= Wheels & Dollbaby =

Australian fashion label

Wheels & Dollbaby is a fashion label based in Australia, founded by Melanie Greensmith.

Wheels & Dollbaby first opened in 1987 in Hay Street, Perth before relocating to Crown Street in Darlinghurst, Sydney. In 2008, the brand opened a boutique in Perth.

Melanie started her career with $5000AUD in a small store in the then hip Surry Hills area of Sydney, which soon became a brand selling globally to the likes of luxury stores such as Harvey Nichols, Harrods & Selfridges in London. Stores throughout the US and Australia also stocked her rock 'n' roll clothing. Her rock and rock luxury aesthetic has been worn by some of the biggest stars in the world such as, Michael Jackson, Kate Moss, Debbie Harry, Mick Jagger, Katy Perry, Amy Winehouse, Slash, Bob Dylan, Jerry Hall, Pamela Anderson, Chrissie Hynde and Britney Spears.

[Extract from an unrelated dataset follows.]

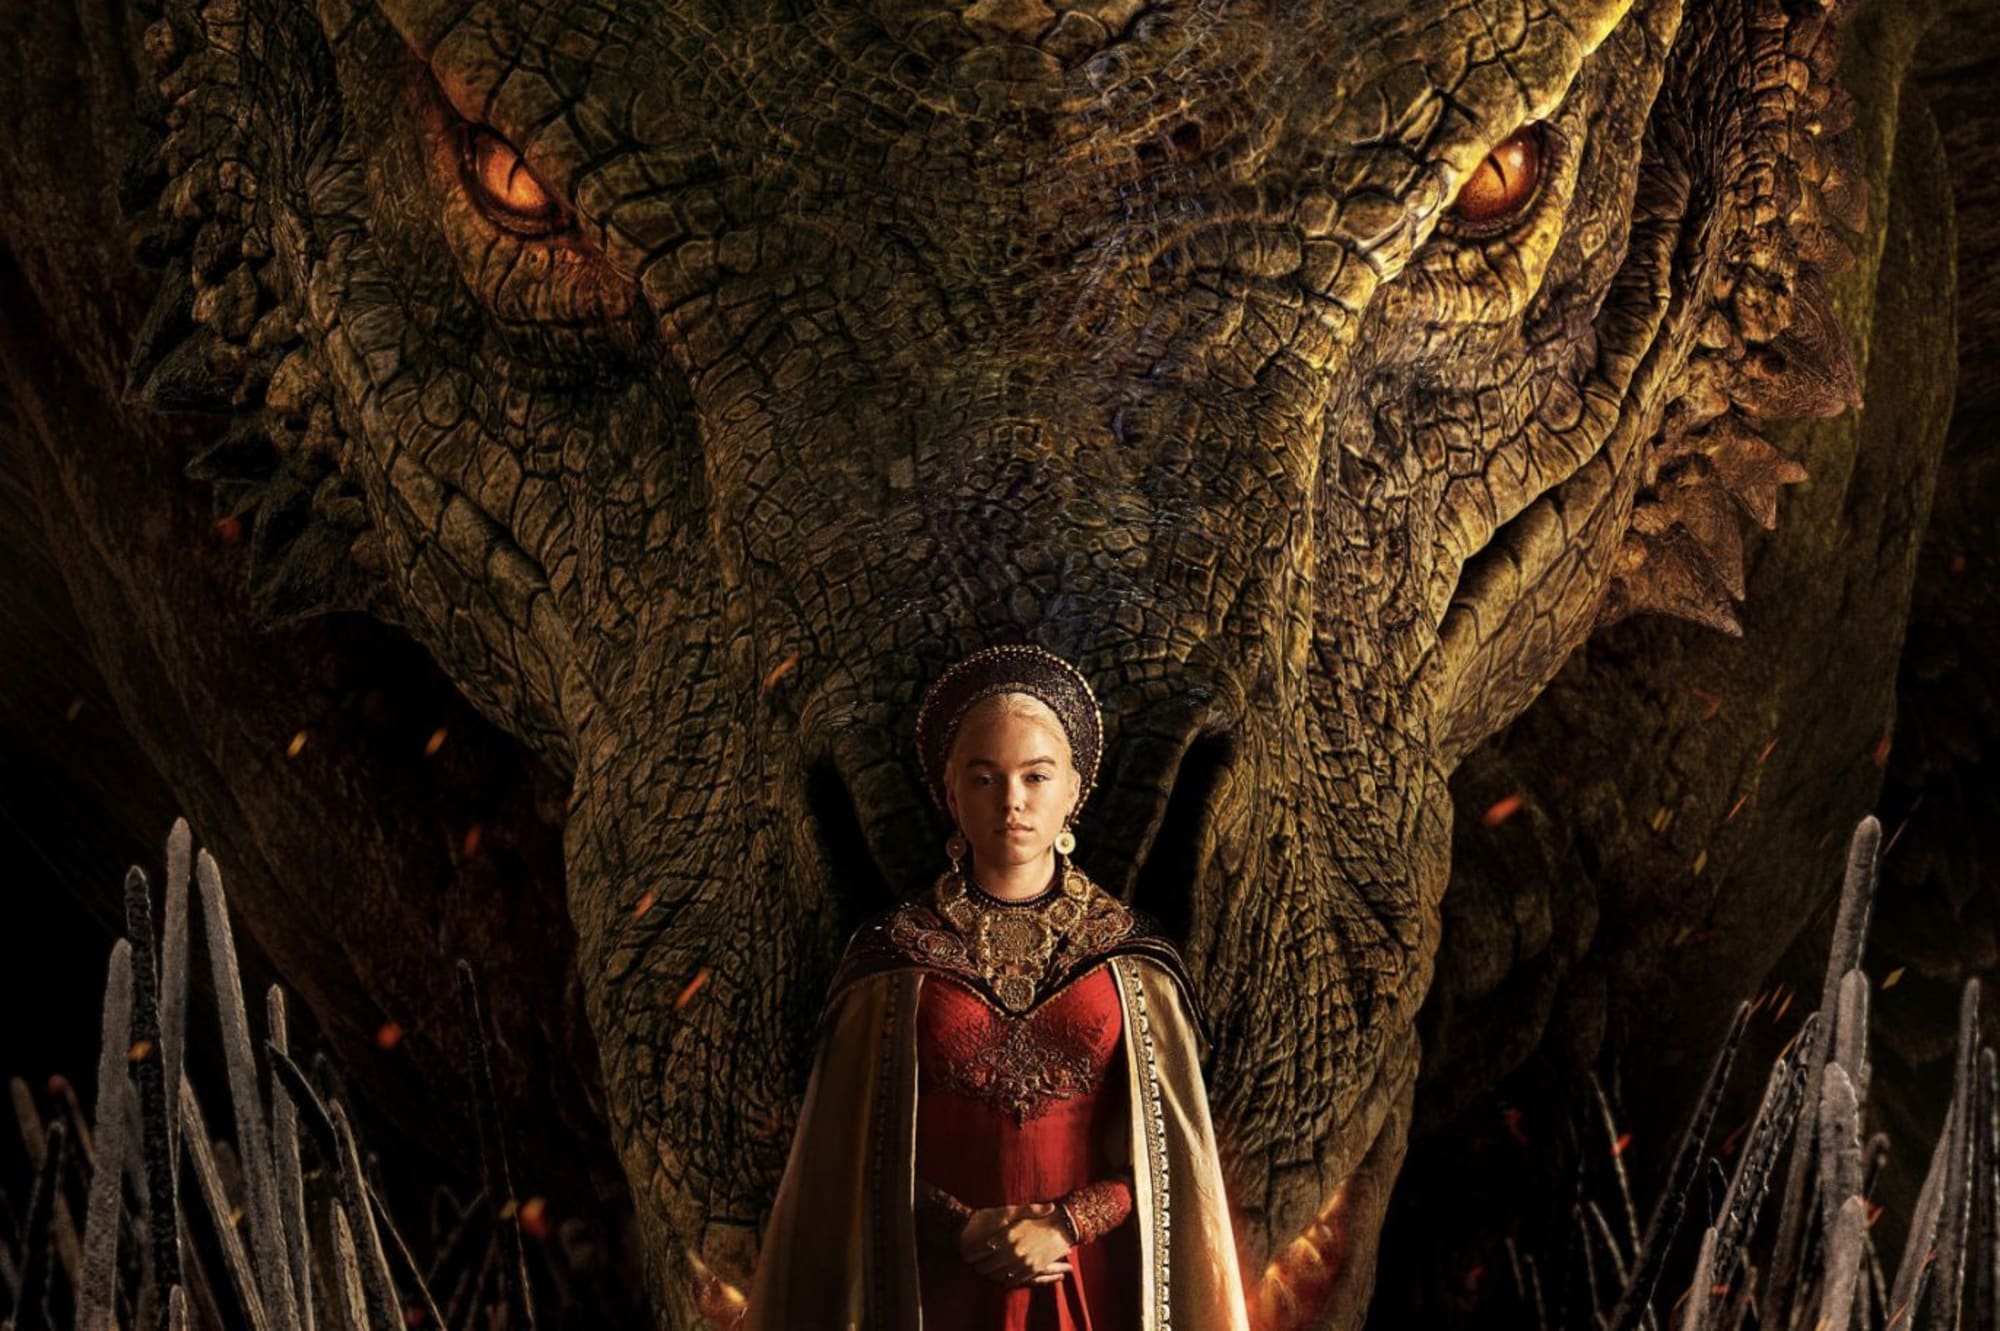 House of the Dragon: Release date, trailer, cast, plot
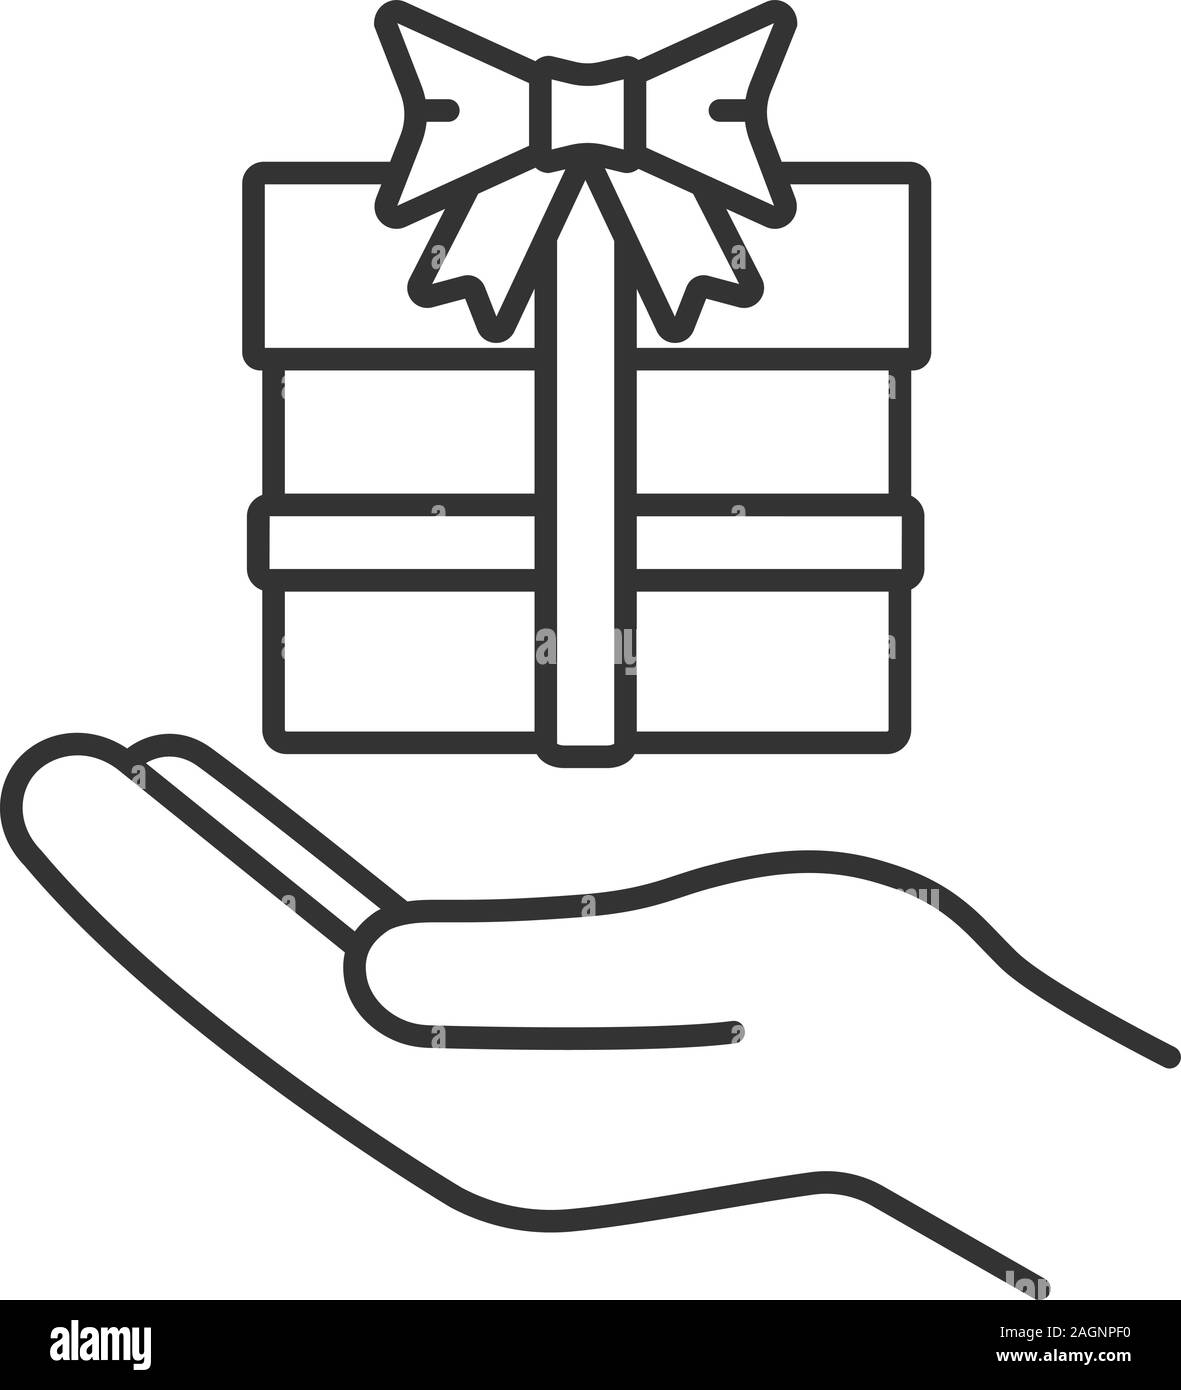 https://c8.alamy.com/comp/2AGNPF0/present-linear-icon-open-hand-with-gift-box-thin-line-illustration-giving-getting-gift-contour-symbol-contour-symbol-vector-isolated-outline-dr-2AGNPF0.jpg

Wheels and Dollbaby have been featured in many films, music videos and commercials. Wheels and Dollbaby since 2005 also has an enormously successful cardigan collaboration with Dita Von Teese that is a coveted and wildly collected item.

In October 2017, Greensmith announced she was closing the business after thirty years, saying it was time to move on, but that she did not want to sell the company or the brand. Melanie Greensmith since then relaunched the brand and the business in 2020.